Q&A with director Ellen Rudnitzki
25-year-old DJ Anna immerses herself in the life of her grandmother, the now 73-year-old photographer Ingrid Bahss, who ran a private gallery with her husband in the GDR, was expelled as an enemy of the state in 1983, found a new home in Cologne, returned and still critically examines both worlds today. The reality of grandma's life unfolds through the eyes of her granddaughter.

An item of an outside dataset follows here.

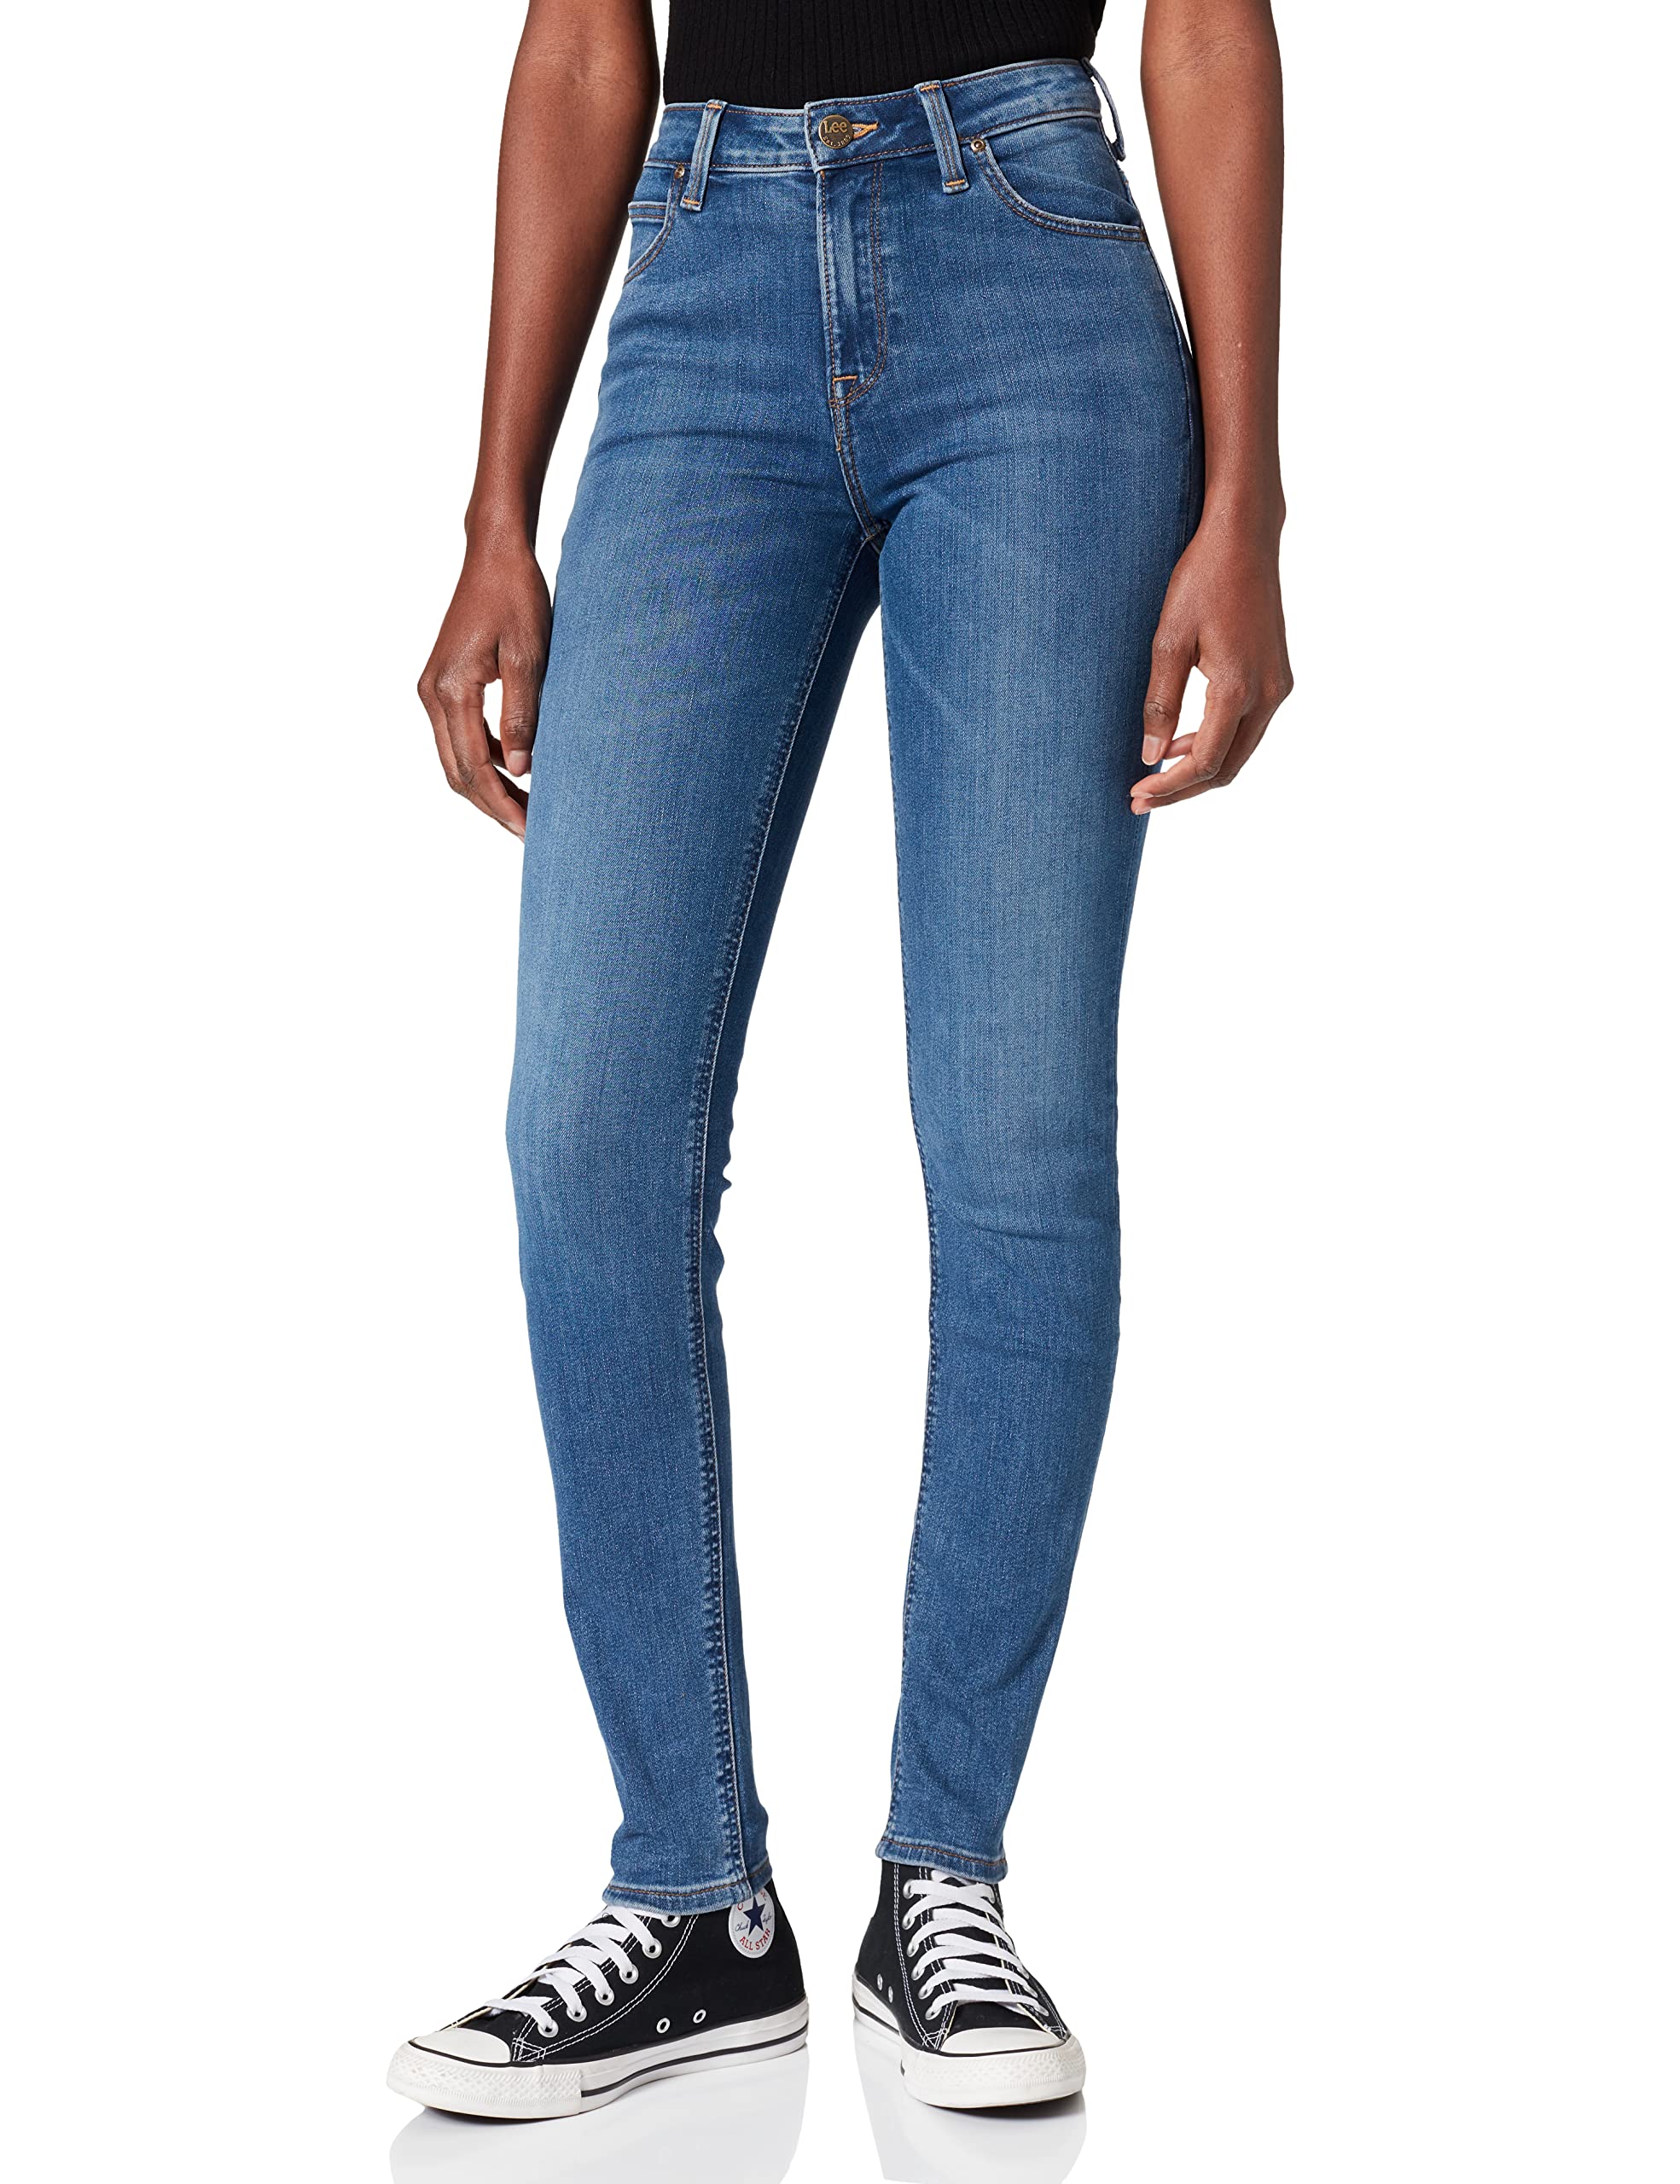 Lee Damen Scarlett High Jeans, Blau (Mid Copan Iw), 32W / 31L

The basses are thumping in the Pirate rehearsal studios in Berlin's Prenzlauer Berg district. Three young women at the mixing desk: Anna, Miri and Katja. Their goal: to conquer the still male-dominated DJ world.Anna, a 25-year-old computer science student, has lived in Berlin for two years. A city of extremes, as she says, where she sometimes feels lonely: "when nobody really listens anymore, when everyone does their own thing". And when Anna has something on her mind, she talks to her grandmother, 73-year-old photographer Ingrid Bahß. Far away from bustling Berlin, she immerses herself in Ingrid's apartment in Cologne's Südstadt district, crammed with books, pictures and photos, lots of photos, evidence of an exciting life, full of crises and upheavals. A world that Anna wants to explore. Together they embark on a journey to the stations of Ingrid's life: the former GDR, which she was forced to leave, the initially hated West, her birthplace in the East, where her grandmother's activities are once again met with resistance. There are repeated clashes between young and old, East and West.